To many, the loss of the Dukes Mangola doesn’t stir the same melancholy as it does to some of us who’ve made wonderful memories under its influence. Every Parsi ‘aam-aadmis’ household was stashed with crates of it only to serve the unexpected electrician, dhobi, courier man or plumber, toiling in Bombay’s heat, to rid them of their fatigue. Even stray dogs that I brought home as a child had the privilege of drinking either Parsi dairy farm nu doodh or Mangola! Such were the standards of a generation gone by. Most housewives stuck to Mangola for decades until pressures of modern society forced them to uncomfortably hold up glasses of wine at their kitty-parties. Why is it that Mangola like the Victoria Terminus has become heritage? While a hot cup of Taj Mahal tea resolves nearly all of today’s middle-aged woes, the younger generation believes that there is nothing that a Café Mocha-Vodka-Gin-latte can’t fix.
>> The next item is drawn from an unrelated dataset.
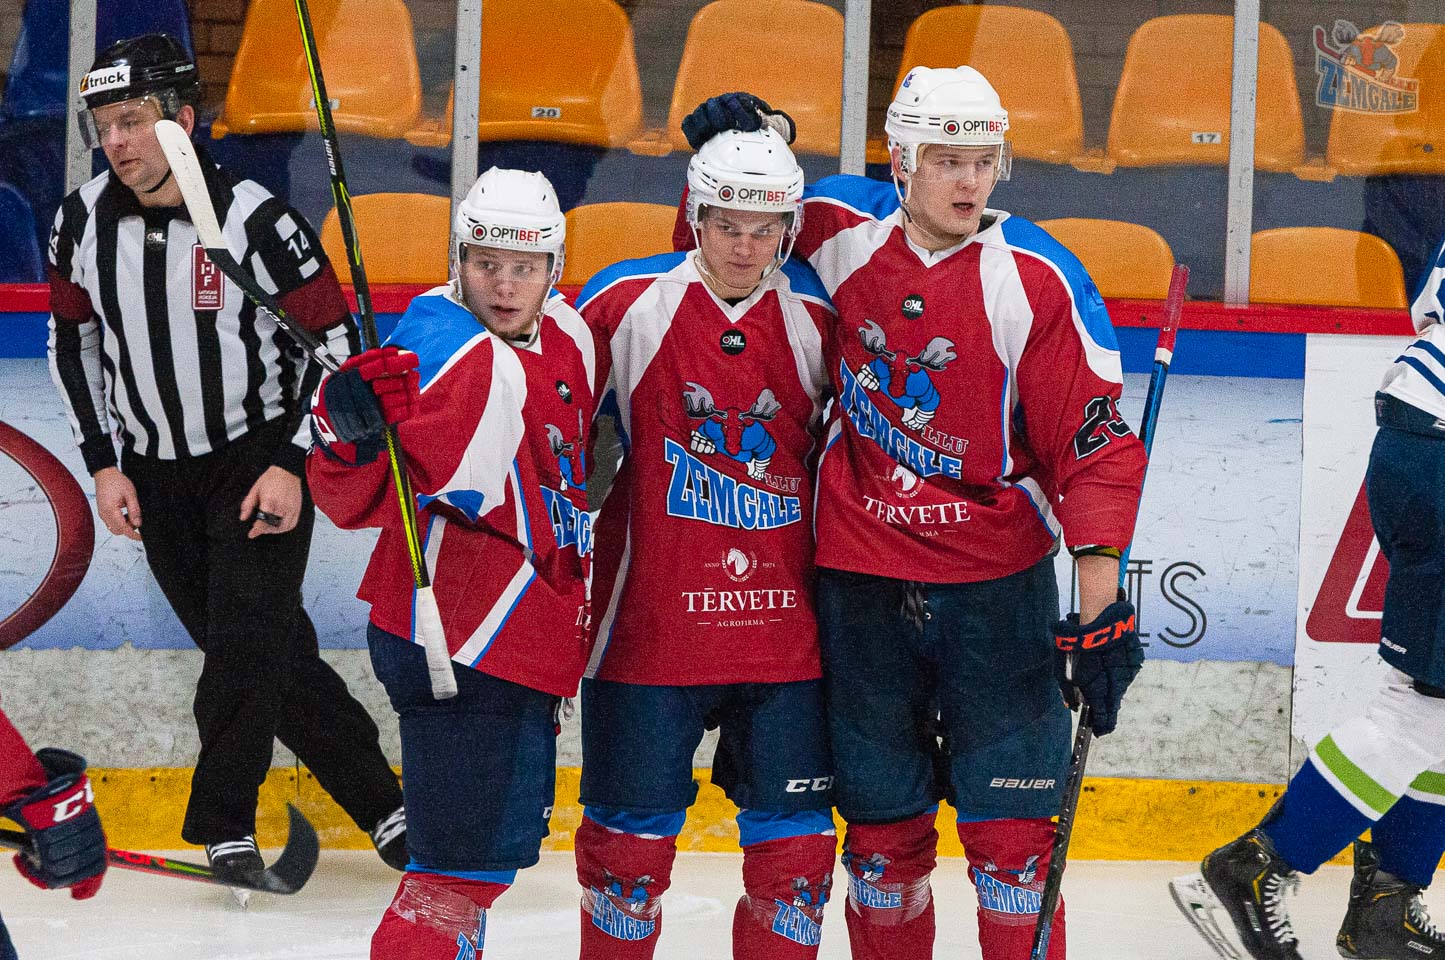 Optibet hokeja līgas regulārā čempionāta spēle starp HK “Zemgale/LLU” un HK “Mogo” Jelgavas ledus hallē 2020. gada 15. februārī | Foto: Ruslans Antropovs

The company was established in 1889 in Bombay by the legendary Dinshawji Cooverji Pundole manufacturing the psychedelic range of Tango, Raspberry, Ginger, Pineapple and Lemonade. Pandole was part of the historic cricket team that was touring England in 1888, taking 86 wickets in the series using a ball made by Duke and sons. And that was the auspicious name he gave to begin his ‘dukedom.’ Mangola was introduced only much later by them in the 1950’s to combat the fizzy Coca-Cola invasion. The Pandoles reportedly bought mango pulp that could last for a year, but the drink was such a hit, all the pulp was used up in just four months. It was so intense and mango-like that nothing else came close.

A century later, Pepsico took over in 1995 and Mangolas memory began to fade over the next decade as several attempts to recreate its magic were in vain. Even though talks of it resurfacing in its classic retro bottle keep making news, it remains a distant dream for the diehard Mangola romantics. If someone is willing to cash in on its revival then if nothing else I urge them to do it for nostalgias sake. For what is Bombay without it? It’s not only us but even the tee-totaling Gujrati and Marvadi community that will make a beeline for it when they see the wooden panels of Irani cafes lined with their favorite refresher.

I agree that the community has to deal with larger issues such as its pocketable population, doongarwadi dilemmas and housing horrors. All of us are trying to accomplish something big, not realizing that life is made up of little things. In an age where all pleasures are adulterated, let’s hold onto the pure ones with innocence maintained. So if you are one of those who like Coffee with Karan or Beer with Berlusconi– Stand up for a revival and have a Mangola with Mazda.